Противнее всего, когда в высшем свете называют ее «мадам Желябужская». Провалились бы они все в тартарары!

Сегодня утром, когда пила кофе у себя в комнате, муж вошел, разглаживая бороду на обе стороны:

— Я решил…

— Не утруждайте себя, — прервала его.

— Вы же еще не знаете, что я хочу сказать.

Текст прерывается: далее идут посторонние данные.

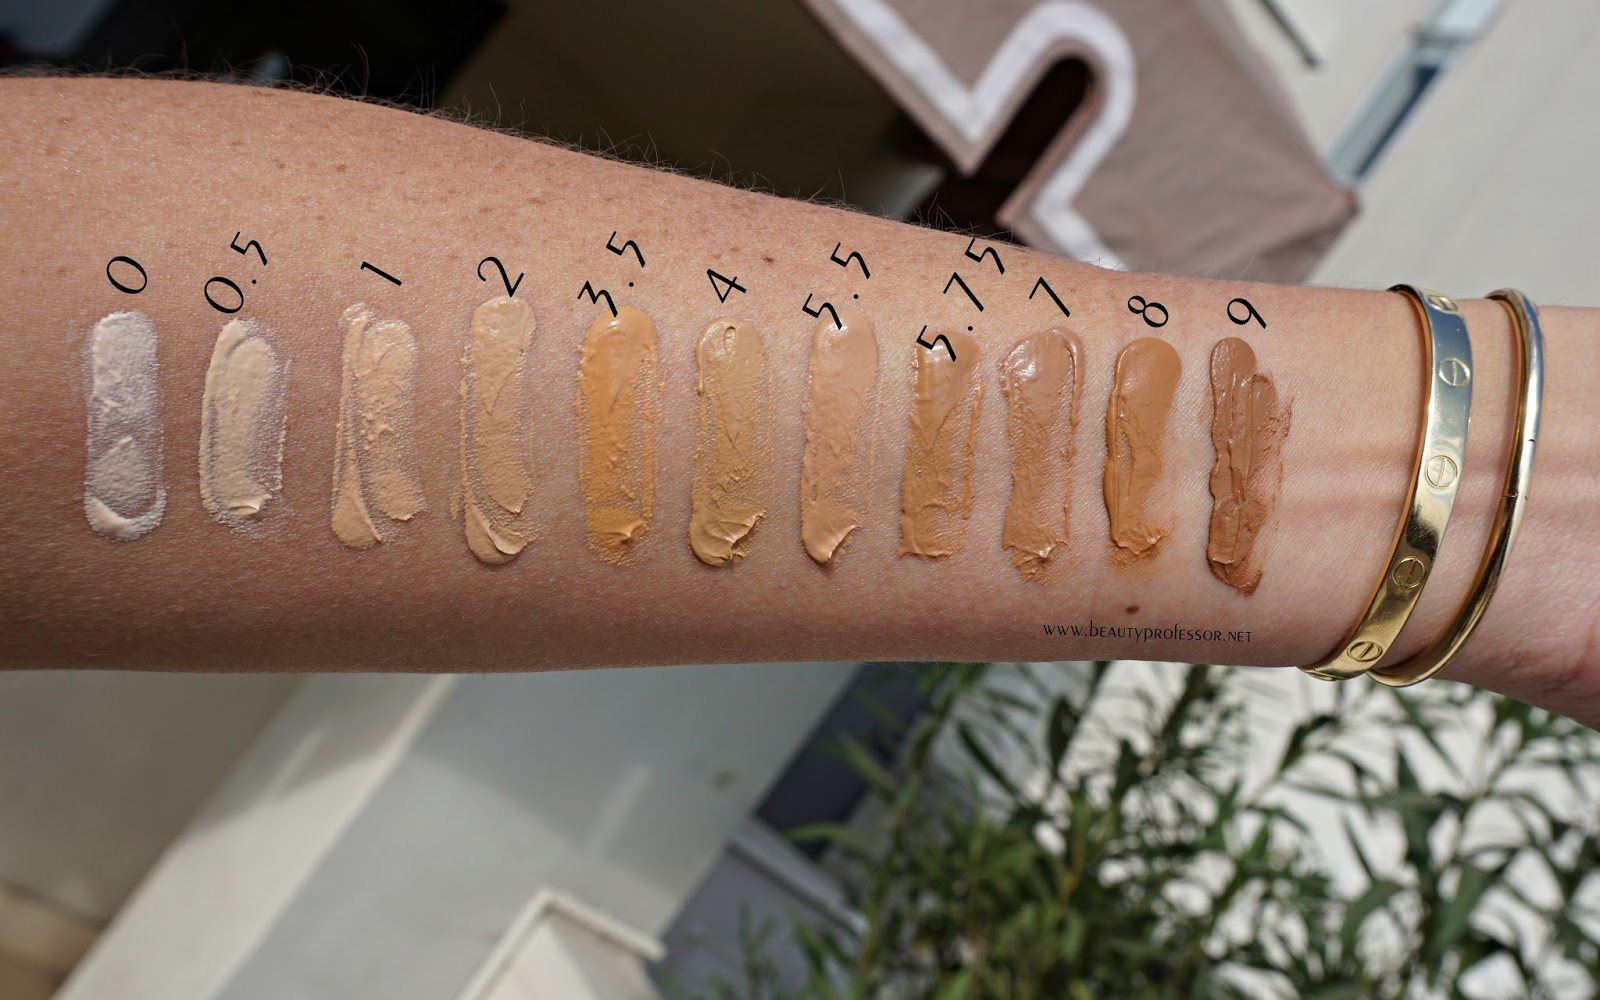 armani face fabric foundation swatches
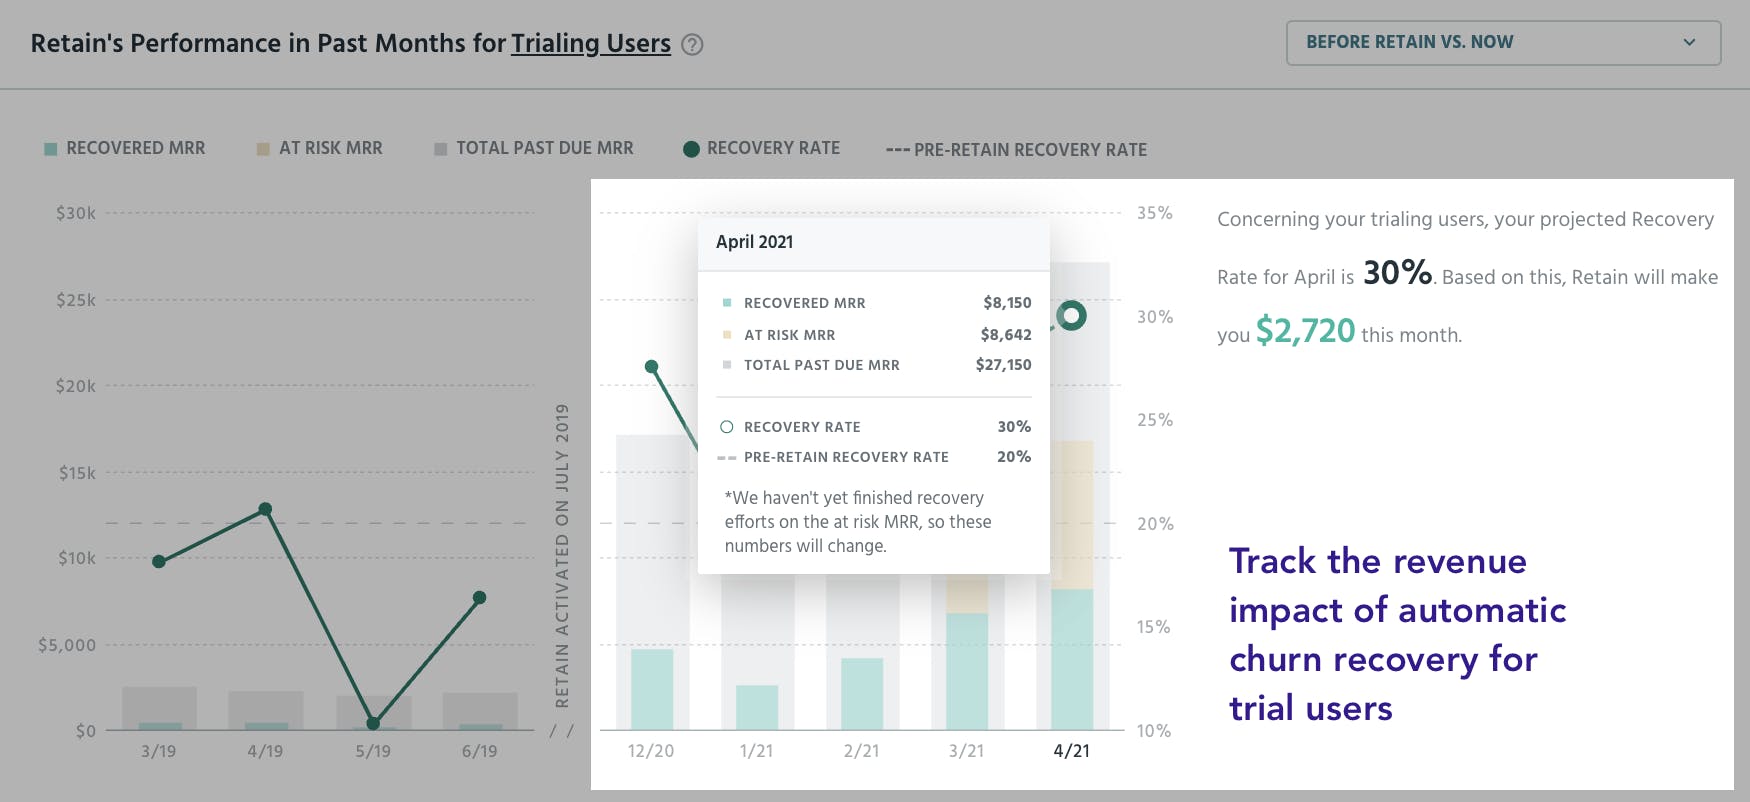 Track the revenue impact of automatic churn recovery for trial users

— Знаю. Вам лестно поехать в одном поезде с труппой Художественного театра!

— С вами… Вас проводить…

— Оставьте меня. Мне надо уложить все в дорогу. Собраться с мыслями. Умоляю: оставьте. И никогда не оказывайте мне без присутствия посторонних никаких знаков внимания.

— Но я же… Я искренне…

— Вы, Андрей Алексеевич… — Встала, выпрямилась перед ним. — Вы очень порядочный человек. Во всем. Кроме ваших отношений с другими женщинами. И вы былого не вернете. Я вам сказала пять лет назад: буду жить под одной крышей только ради детей. Скрепя сердце буду играть роль хозяйки дома. Зачем вы понуждаете меня всякий раз повторять это? Кажется, я пока что исправно играю свою роль…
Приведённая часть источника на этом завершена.